De la abuela, solo se llevó los libros, que no pudo dejar atrás. Todo lo demás, a buen precio, lo compró un comerciante de antigüedades. Y bien que se llevó tesoros, sí.
Una semana antes de Nochevieja, el piso ya estaba listo y Estrella se mudó la víspera del 30 de diciembre.
Los suyos pensaban que marchaba a la casa de la abuela ¡a cocinar y hacer las camas, claro!
¿Ya has puesto el árbol? preguntó la madre.
¡Puesto! y no mintió, la había decorado con Javier la noche anterior.
¿El champán es bueno?
¡Creo que sí! Javier traería el cava.
¿Y la ropa de cama lista para todos?
Todo preparado, mamá. Esa noche Estrella tenía planes muy distintos.
Pues llegaremos a las ocho. ¡Que esté todo listo para cenar, eh!
Aquello sonó más a amenaza. Estrella supo que había hecho lo correcto.
Y luego, el gran teatro familiar: ¡Ya vamos para tu casa!

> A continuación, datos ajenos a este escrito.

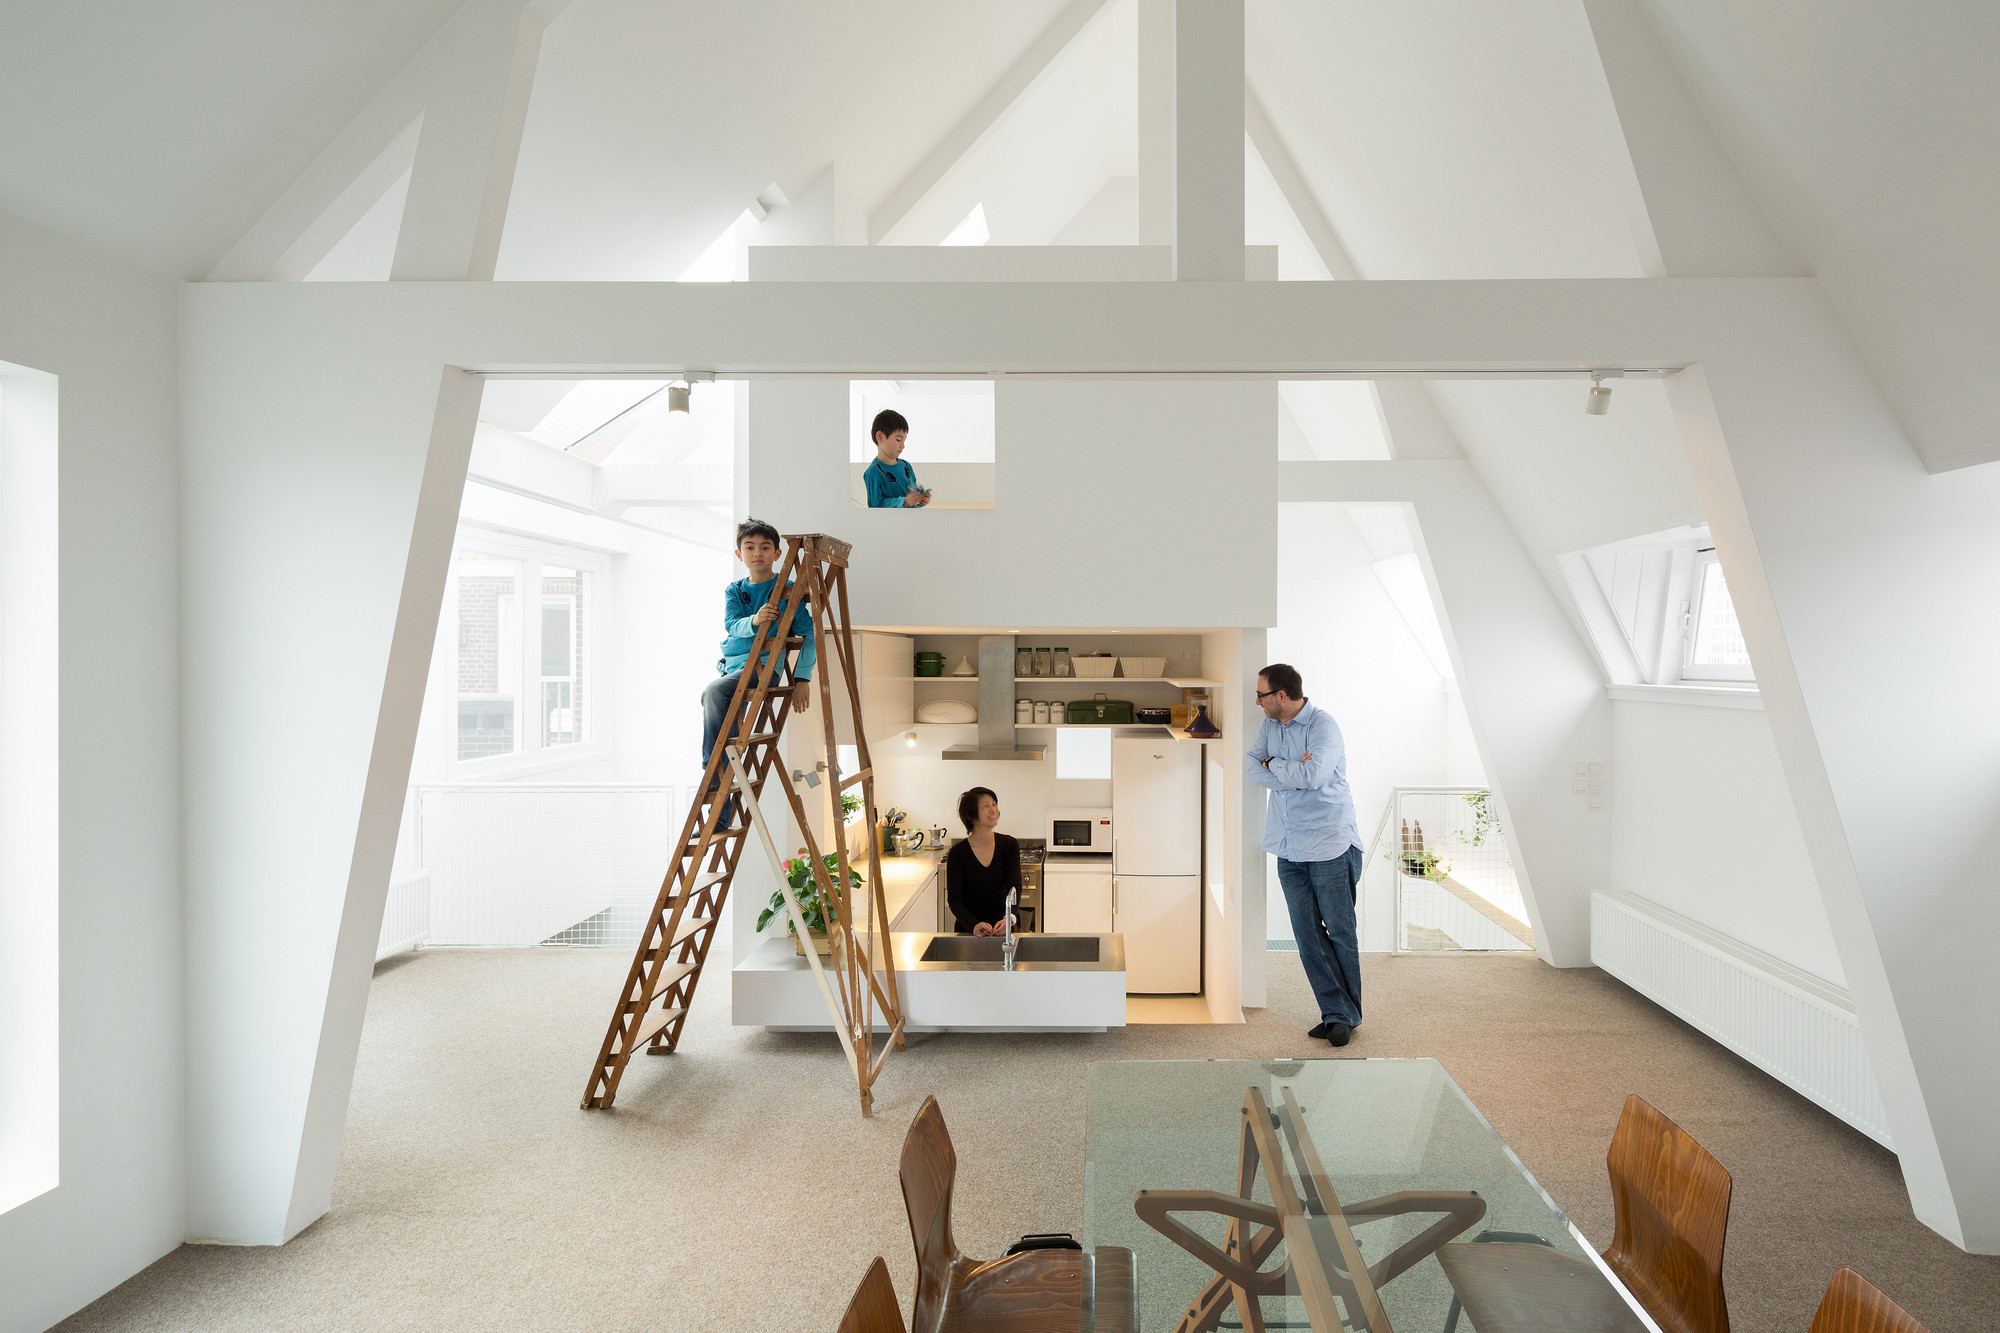 Departamento en Amsterdam / MAMM Design, © Takumi Ota

Pero para su propia casa, pensó Estrella.
A las ocho en punto, toda la familia padre, madre, hermana, cuñado y los niños llegó al palacio de la abuela, esperando cena y techo para todos. Festejar y, claro, el gran regalo para Aurora.

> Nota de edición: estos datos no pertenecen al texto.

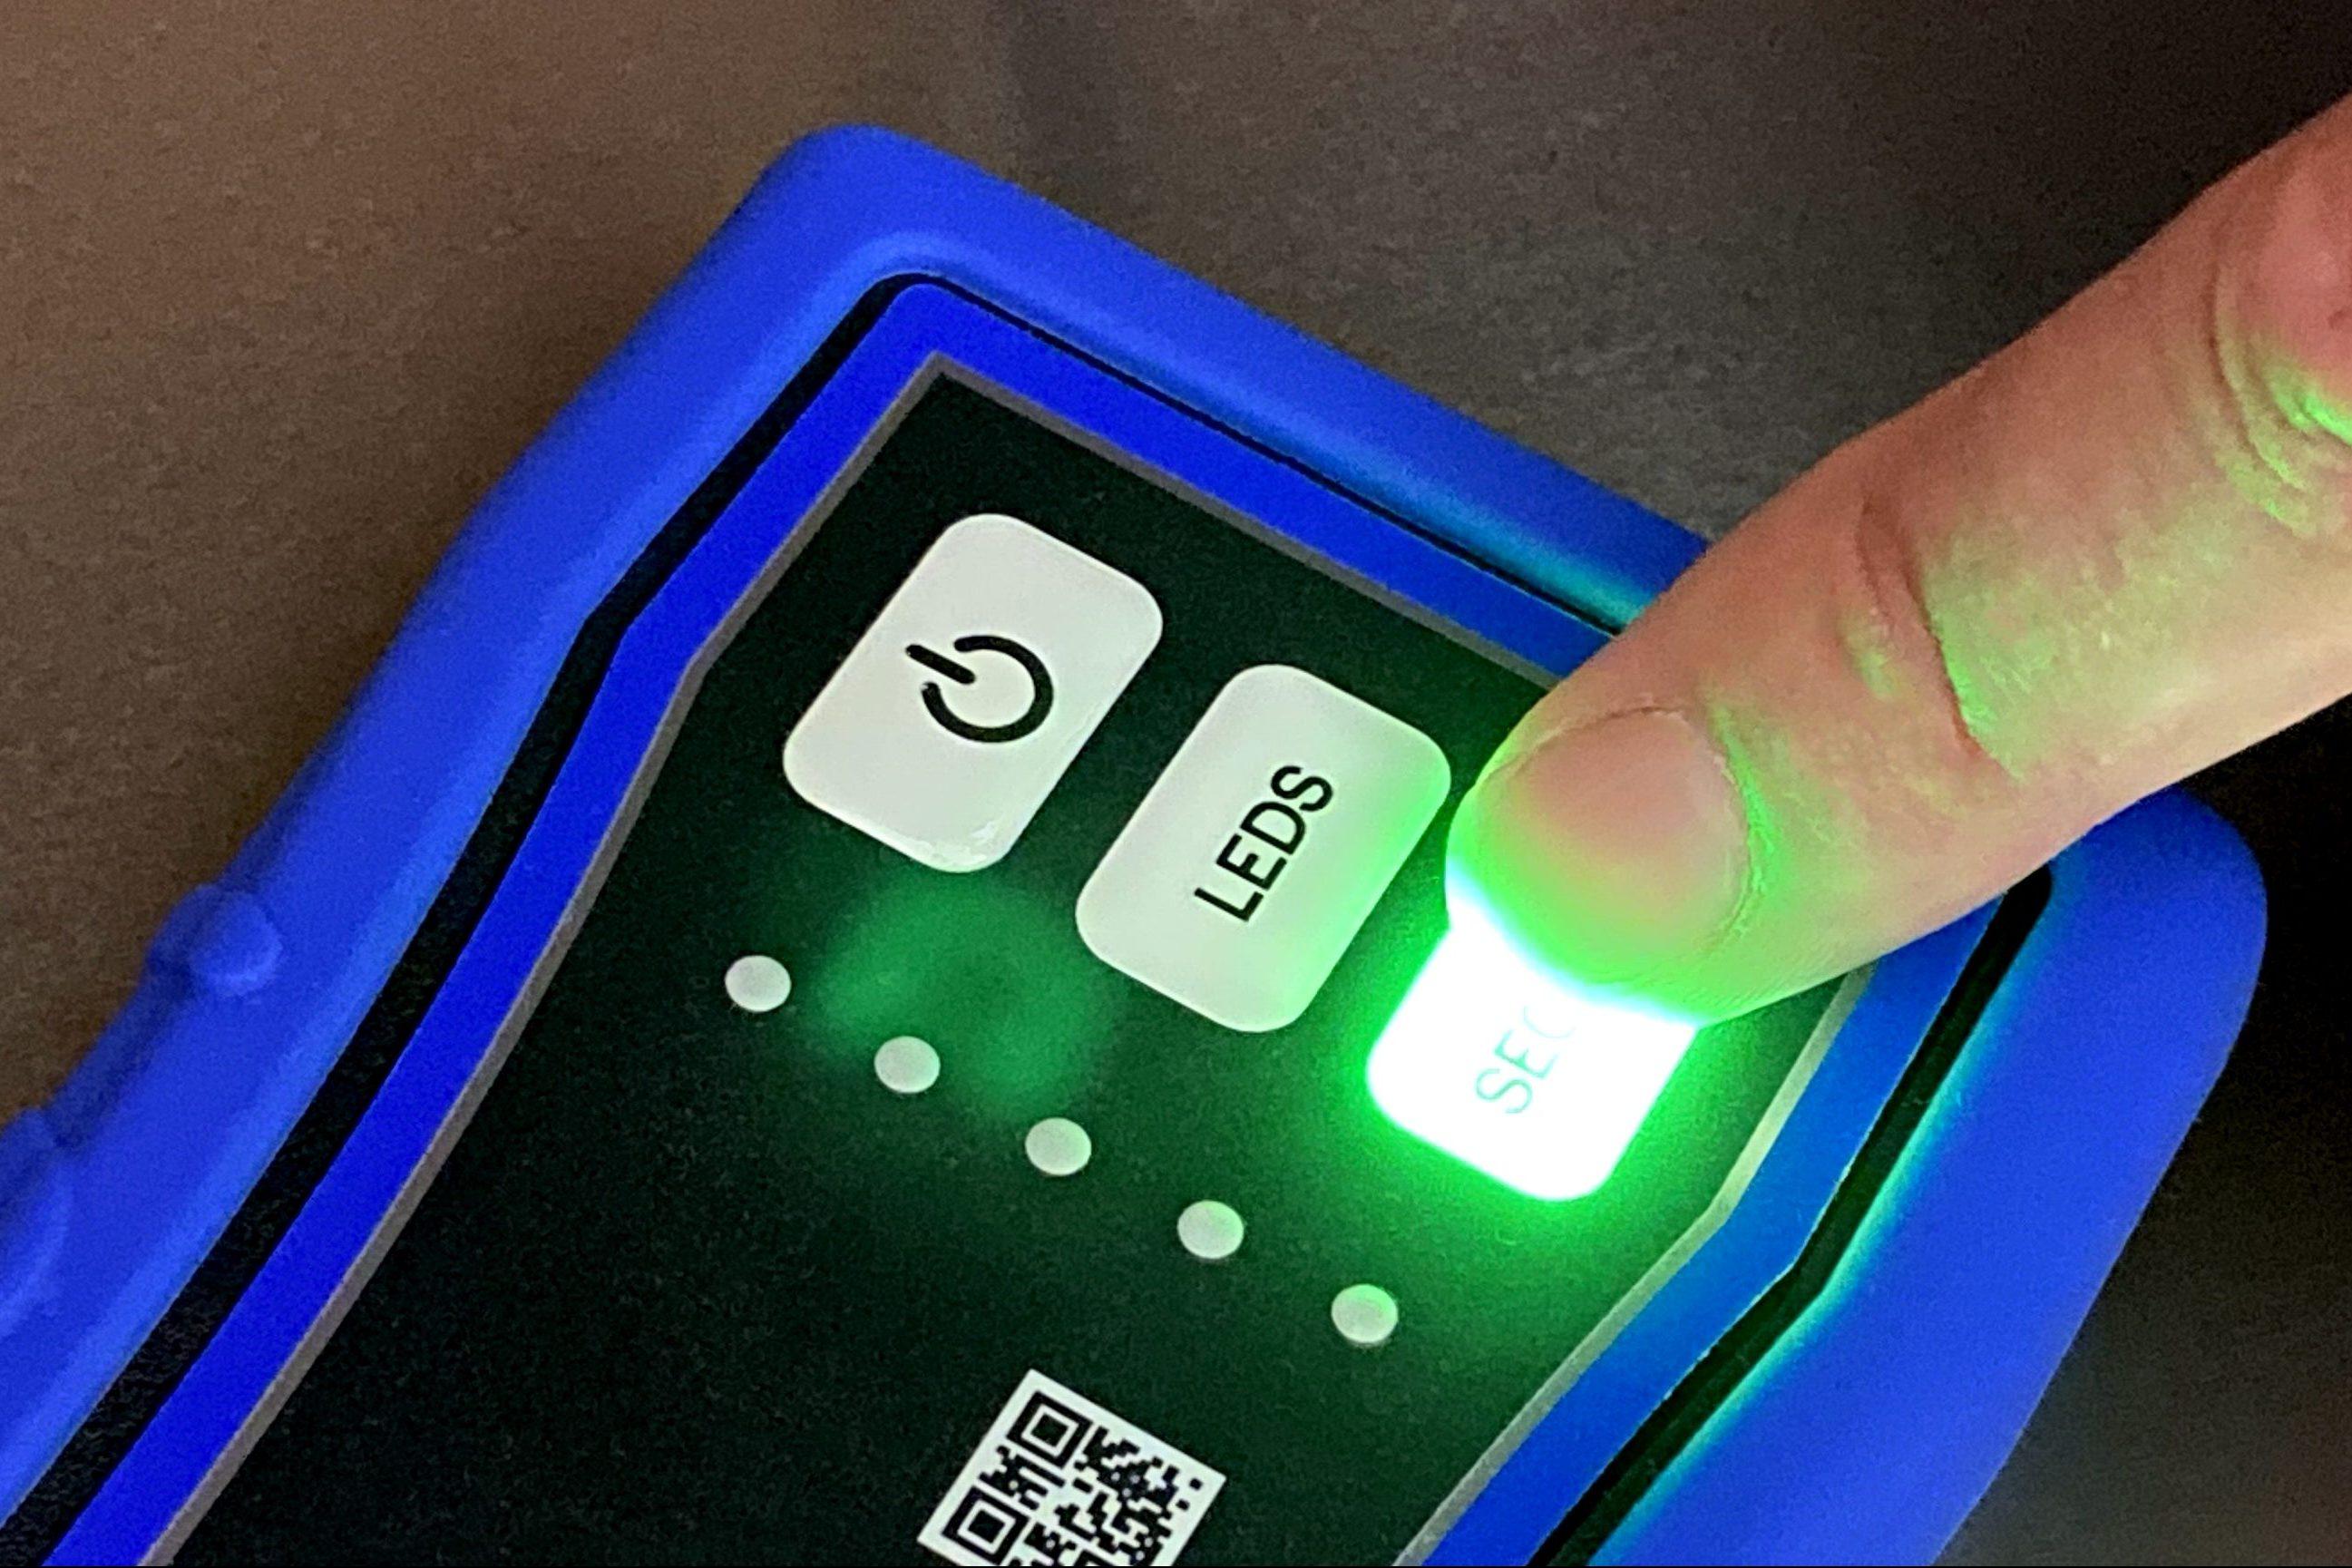 Backlighting - Green LED with finger

Pero, cosas del destino (o de la honrada Tierra castellana), la llave no encajaba. Habían guardado una copia, por si acaso.
Al llamar al timbre, abrió un tipo con barba y un perro peludo como un manto de trapos, ambos con evidentes señales de sidra.

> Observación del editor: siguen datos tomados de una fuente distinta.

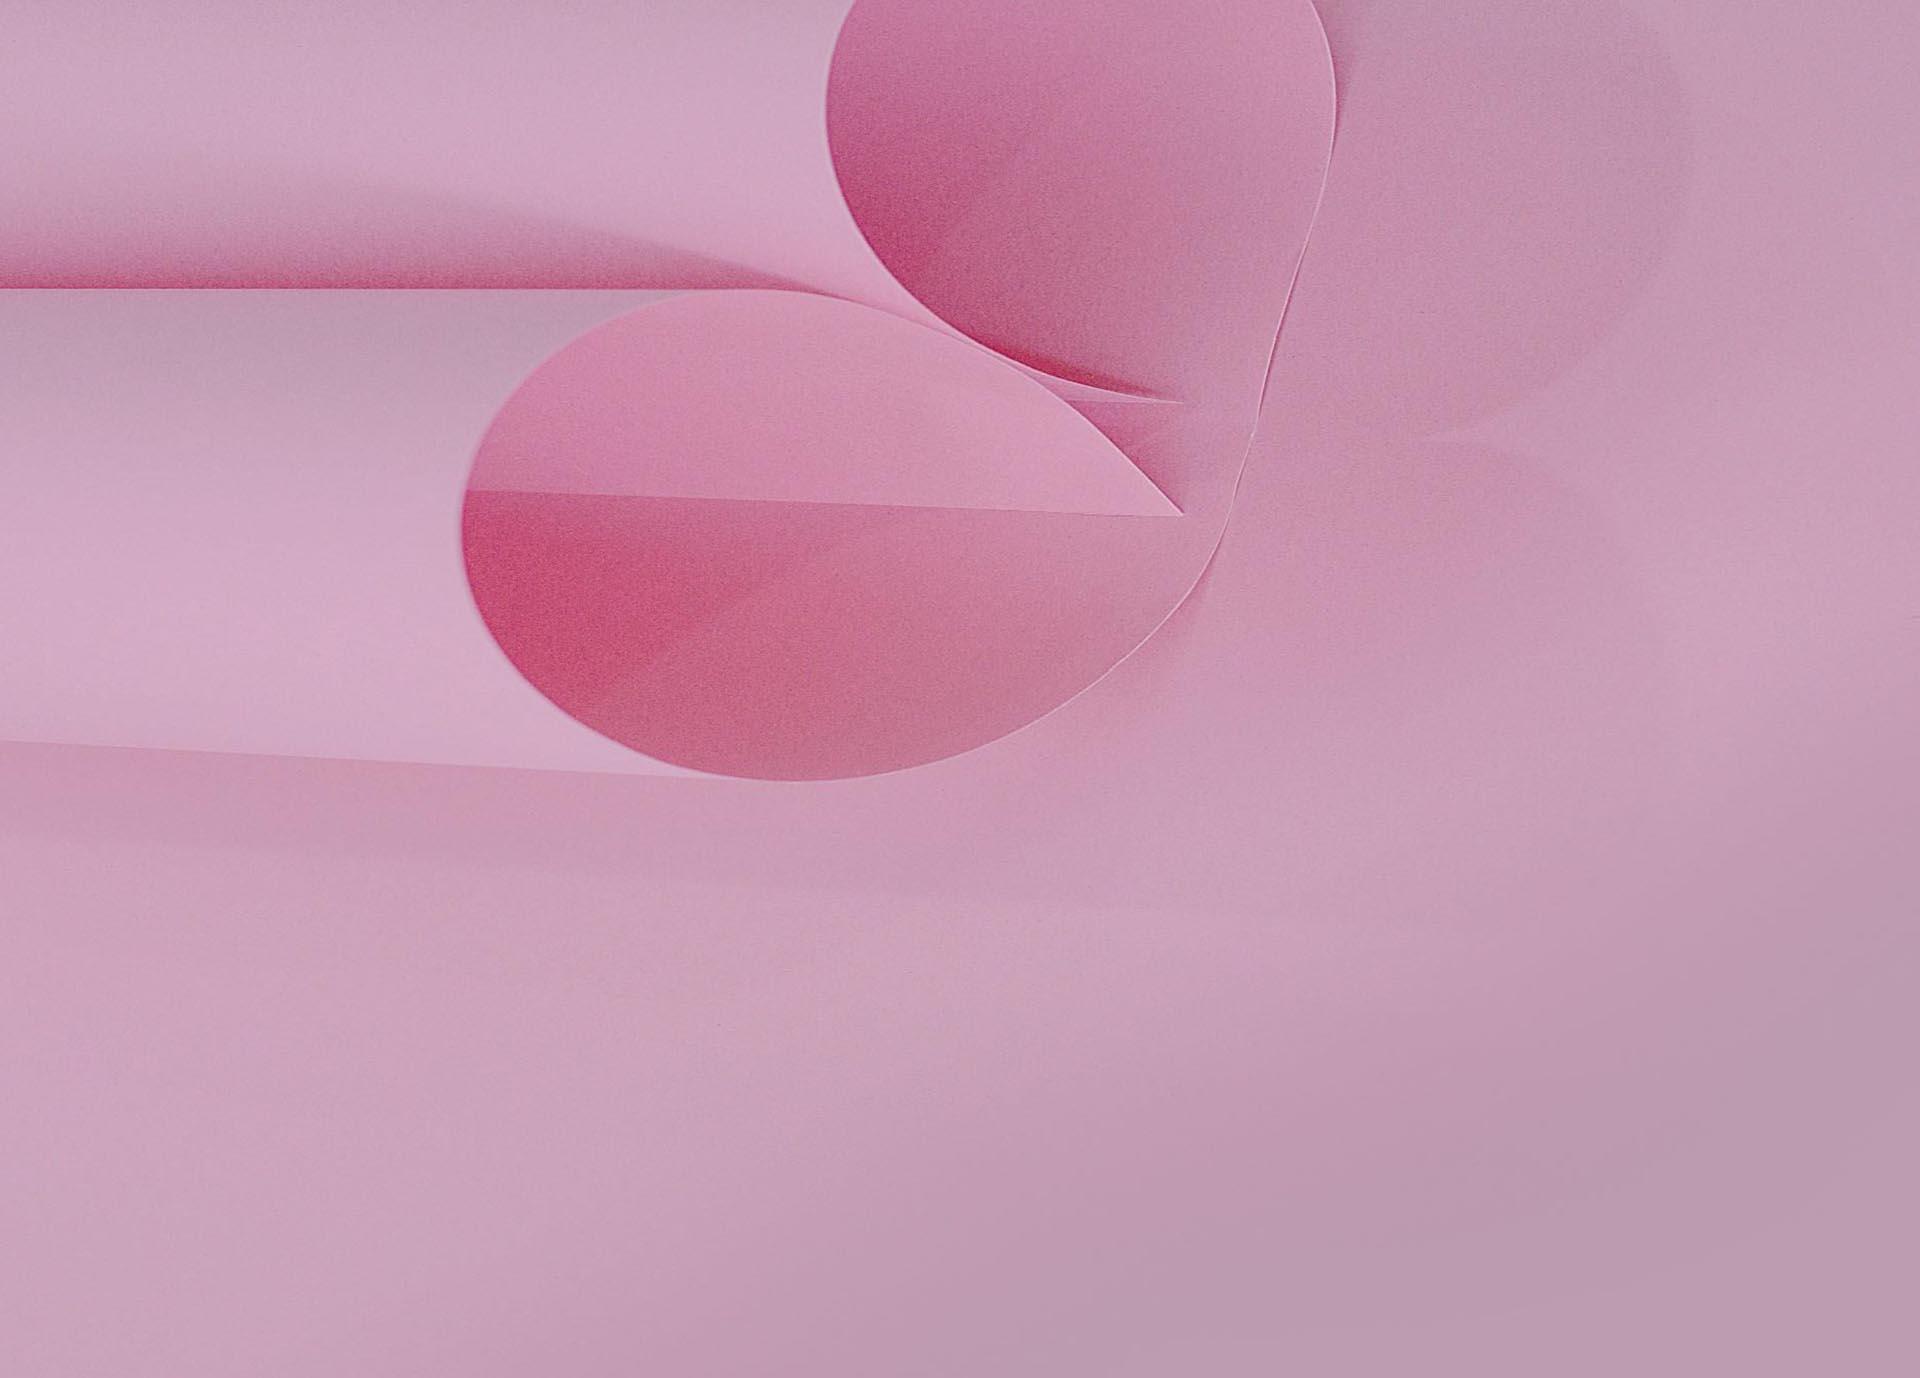 Papel Candy Plus 180g A4 Morango - rosa  - Minas Midias

El tipo parecía de carnaval: camiseta de rayas y calzoncillos negros de satén, reliquias del pleistoceno, piernas larguiruchas metidas en unas zapatillas viejas.
¿Y ustedes qué buscan aquí? gruñó el hombre. ¡Ahora mismo le arranco la mano a quien siga con el timbre!
Disculpe, ¿quién es usted? preguntó el cuñado.
Pues mire, ¡soy el nuevo inquilino, y sin abrigo! se carcajeó él solo. Perdonen estar así: ¡el smoking no me lo entregaron de la tintorería! Imagínese, ¡plena campaña navideña!
¿Y Estrella? preguntó la madre, lívida.
¿Quién? ¿Estrella? ¿La del pelo así, así? el hombre hizo un contorno en el aire.
¡Esa! al hombre por fin le encajó. Pues tutú, que se ha ido
¿Cómo que se ha ido? ¿A dónde puede irse Estrella de su propia casa? protestó el padre.
¡A la vida nueva, señor! Eso dijo: Que me voy a una vida nueva. ¡Y aquí servidor es el nuevo dueño legal del piso! el hombre hizo una especie de reverencia, resbalando con las pantuflas.
¡Ah! Me dijo que les diera recuerdos a todos. Que si ustedes son la familia, que les des un saludo. Pues venga, ¡un saludo de parte de Estrella!
Nada más, ¿eh? Corran a casa, que quedan diez minutos para las campanadas. ¡No sea que se las pierdan! Vamos, rapidito que aquí el perro Colombo, que así le llamó también quiere cena.
El perro ladró con desgana.
¡Anda! añadió el hombre. ¡Feliz año nuevo, familia!
Y cerró la puerta en sus narices.
Mira que eres, hija consiguió decir Carmen Ortega, cuando por fin Estrella contestó al teléfono.
¡Yo también te quiero, mamá! repitió con ternura, colgando enseguida.
Efectivamente, Estrella había empezado una vida nueva, que prometía ser mil veces mejor que la anterior.